Directions: Please copy exactly every line from the one that contains "French Vanilla Decaf Coffee" to the end of the data below, with both ends included and no other lines.

Records for processing:
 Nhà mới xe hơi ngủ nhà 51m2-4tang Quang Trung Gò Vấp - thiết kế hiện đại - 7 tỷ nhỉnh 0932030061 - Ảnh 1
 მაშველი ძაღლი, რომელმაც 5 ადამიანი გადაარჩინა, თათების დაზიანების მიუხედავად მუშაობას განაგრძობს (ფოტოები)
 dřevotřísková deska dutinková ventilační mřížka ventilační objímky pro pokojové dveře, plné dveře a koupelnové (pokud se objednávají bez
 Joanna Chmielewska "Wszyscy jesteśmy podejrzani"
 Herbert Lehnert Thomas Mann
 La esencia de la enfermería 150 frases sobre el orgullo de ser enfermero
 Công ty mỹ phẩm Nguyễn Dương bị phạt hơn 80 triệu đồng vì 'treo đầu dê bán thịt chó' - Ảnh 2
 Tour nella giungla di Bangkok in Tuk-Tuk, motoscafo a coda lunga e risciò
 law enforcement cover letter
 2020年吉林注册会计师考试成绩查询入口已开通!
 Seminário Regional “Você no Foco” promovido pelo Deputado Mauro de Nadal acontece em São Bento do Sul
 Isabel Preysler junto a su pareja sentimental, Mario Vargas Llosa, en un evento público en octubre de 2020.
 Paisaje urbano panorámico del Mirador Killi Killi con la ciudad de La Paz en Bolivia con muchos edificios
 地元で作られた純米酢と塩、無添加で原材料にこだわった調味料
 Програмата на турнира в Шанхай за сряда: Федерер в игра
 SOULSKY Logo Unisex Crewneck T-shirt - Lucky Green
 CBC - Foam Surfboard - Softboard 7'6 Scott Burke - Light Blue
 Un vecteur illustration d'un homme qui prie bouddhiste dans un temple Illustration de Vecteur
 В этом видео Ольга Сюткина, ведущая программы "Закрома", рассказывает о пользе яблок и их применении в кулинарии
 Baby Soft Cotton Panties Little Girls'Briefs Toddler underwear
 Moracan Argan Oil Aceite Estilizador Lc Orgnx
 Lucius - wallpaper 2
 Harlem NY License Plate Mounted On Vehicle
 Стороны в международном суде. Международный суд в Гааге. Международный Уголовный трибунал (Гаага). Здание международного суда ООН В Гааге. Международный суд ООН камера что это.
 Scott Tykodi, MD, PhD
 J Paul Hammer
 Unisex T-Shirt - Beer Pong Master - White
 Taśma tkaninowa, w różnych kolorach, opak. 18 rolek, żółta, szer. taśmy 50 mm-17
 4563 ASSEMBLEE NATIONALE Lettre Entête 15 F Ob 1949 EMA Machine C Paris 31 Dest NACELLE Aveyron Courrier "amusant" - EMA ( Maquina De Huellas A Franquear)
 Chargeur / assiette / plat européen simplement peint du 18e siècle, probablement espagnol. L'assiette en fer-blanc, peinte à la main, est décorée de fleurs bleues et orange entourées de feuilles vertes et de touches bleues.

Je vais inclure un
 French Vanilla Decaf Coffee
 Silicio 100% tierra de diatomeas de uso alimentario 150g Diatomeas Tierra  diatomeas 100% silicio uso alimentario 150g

Exercise solution:
 French Vanilla Decaf Coffee
 Silicio 100% tierra de diatomeas de uso alimentario 150g Diatomeas Tierra  diatomeas 100% silicio uso alimentario 150g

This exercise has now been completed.